The buzzword across three principal Asian
countries India, China and Japan is
`reform'. It's clear that their
impulses are interlinked and have consequences for the world.
Coincidentally, all three have been having key annual sessions of their
respective Parliaments whose proceedings provide us some markers as to
their respective priorities.
Chinese Premier Li Keqiang's
opening speech at the annual National People's Congress in early March
laid out the agenda for transforming China into a middle-class nation,
by creating an economy based on consumption and innovation, rather than
merely investment and export.Arun Jaitley's budget is seeking to
initiate his government's huge agenda in a modest and workmanlike
fashion. As for Japan, the challenges are different structural change
is needed to give a second wind to an advanced economy trapped in
multiple layers of regulation and red tape.
For both India and
Japan, China is a benchmark of sorts. Growth of Chinese power has
implications for them. Both have outstanding boundary disputes that
periodically flare up. But equally important are their concerns relating
to the economic and military rise of China.
India, whose
economic size approximated that of China in the 1980s, may not be able
to match China in this century, with attendant political and strategic
consequences. Japan, which has had a troubled history with China,
worries about the consequences of Chinese hegemony in East Asia.
What is striking is the clarity with which China is adjusting to what
President Xi Jinping calls the `new normal' economic growth slowing to
7.4% in 2014 and possibly 7% in 2015. Beijing has clearly understood
that it needs to become an economy based on entrepreneurial skills and
better off consumers. NPC is likely to follow the recommendation of the
National Reform and Development Commission, China's Niti Aayog, which
has proposed cutting down the number of restricted areas in investment
from 79 to 35.
Xi told a group of Shanghai parliamentarians on the sidelines of NPC
that China will quicken the pace of creating free trade zones and make
institutional innovation key to development. `Innovation' has become the
new motto of the Chinese, whether it relates to economy or foreign
policy.
In his remarks Li also noted that China has taken steps
to cut red tape for private companies, permit online retail to
expand.He promised that China will make it even easier to do business.
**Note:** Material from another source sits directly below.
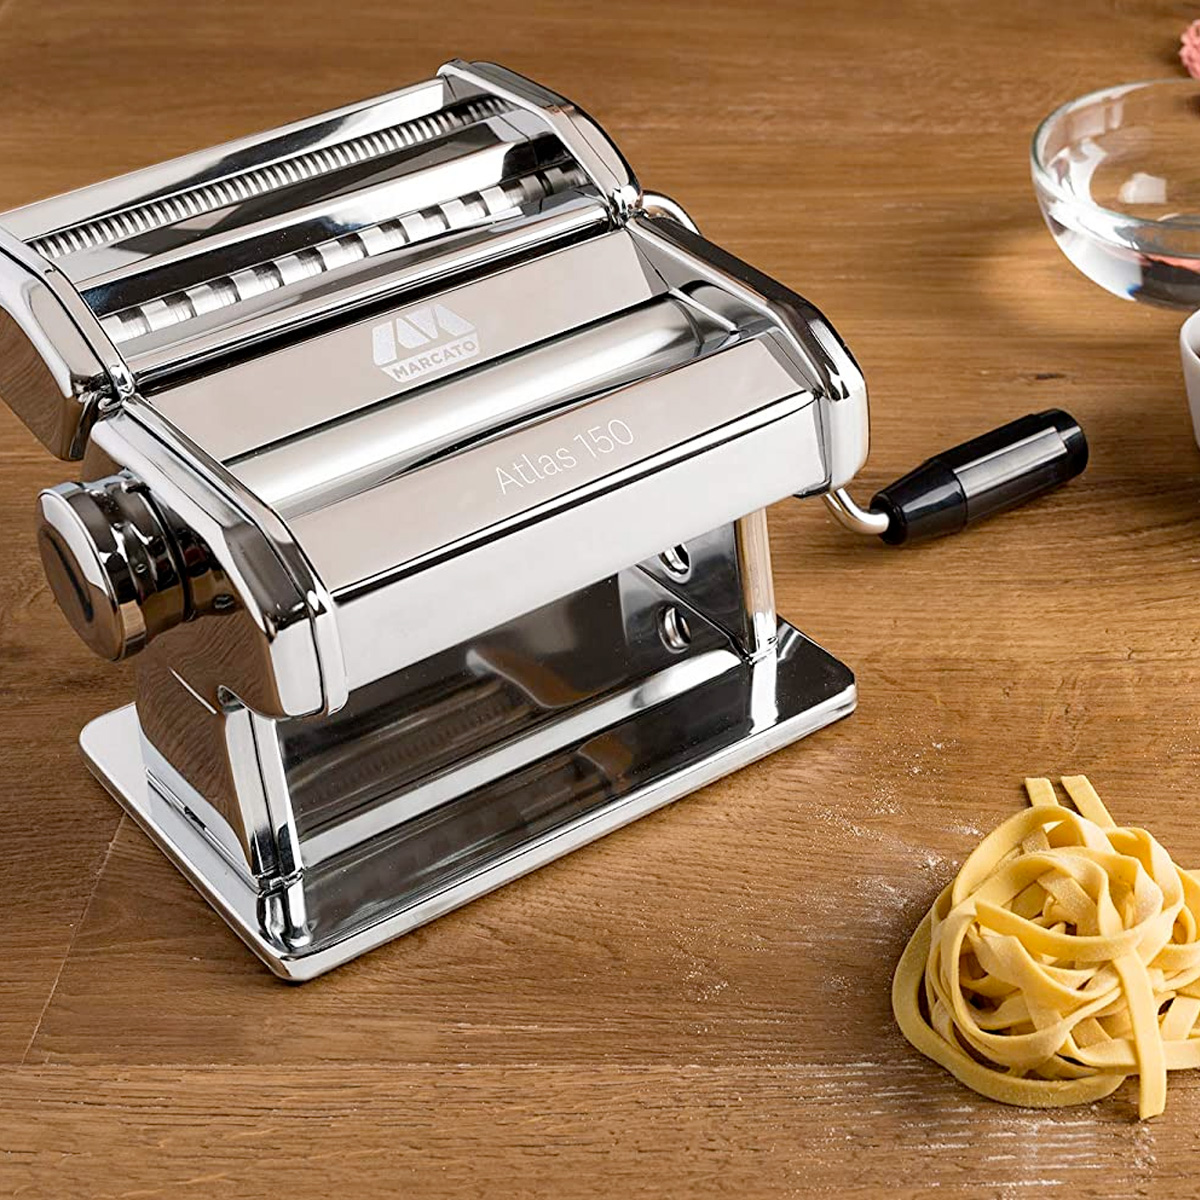 Marcato Atlas 150 Pasta Machine with some freshly made pasta in a lifestyle setting

Currently China is listed 90th among 189 nations in terms of ease of
doing business; we are listed at 142.
China's strategic goal is
among the first of Xi's four comprehensives: “To build an all-round
well-off society by 2020“. Recall, in 2012, the key word was
“moderately“ well-off society. The second is to comprehensively deepen
reform, the third to create a society which works under the rule of law,
and the fourth to “push for stricter governance“ of the Communist party
itself. The last may sound innocuous, but anyone who has observed the
Chinese anti-corrup
tion campaign, knows that it means business, given the list of the high
and mighty `Tigers' who have been brought low.
The test for
China is tough enough, but the challenge for India is far tougher. Most
Indians are desperate to see PM Modi's government succeed, if only
because it is India's last chance at getting onto the high-growth track
which can help eliminate poverty by 2030. But what is absent is a sense
of self-confidence and clarity over the direction we are headed. As of
now
we have a slogan: Make in India. Yet it is not even clear as to what
this means.
As for policies, government is still grappling with
the problems of the past.Recently it passed an insurance reform bill
pending since 2008; likewise an overdue mines bill has been passed as
well, though the crucial land acquisition bill remains to be passed.
But equally important steps such as the need to cut through the
thicket of regulatory regimes that plague India are not yet on the
agenda. Whether it is universities, banks, airports, India is one of the
most over-regulated countries in the world, a consequence of
government's desire to retain the levers of power through regulators,
who are almost always former civil servants.
There are no
signs, as of now, that the Modi government has a plan to reform the
administrative and regulatory system of the country, an important
element in any `ease of business' strategy. It is one thing to say that
India will enhance the ease of doing business in the country, quite
another to clearly spell out the steps that will be taken and their
timeline. As for eliminating corruption, that item seems to be absent
from the current government's agenda, though it remains a real problem
for the common man.
As for Japan, PM Shinzo Abe has promised
“the most drastic reforms since the end of the Second World War“. But
his efforts have been tangled in the politics of the country and its
powerful lobbies of doctors, farmers, bureaucrats and workers. In the
current Diet session, he has slashed the powers of the agriculture
lobby, but he still has a long road ahead. Two of his “three arrows“ of
reform higher government spending and massive monetary stimulus have
been blunted and the third, structural reform, remains in his quiver.
One reason for the energy that Beijing exhibits is that the
consequences of failure there will be severe probably the collapse of
the Communist party rule. India and Japan only risk the possibility of
sinking back into the torpor of low growth or deflation.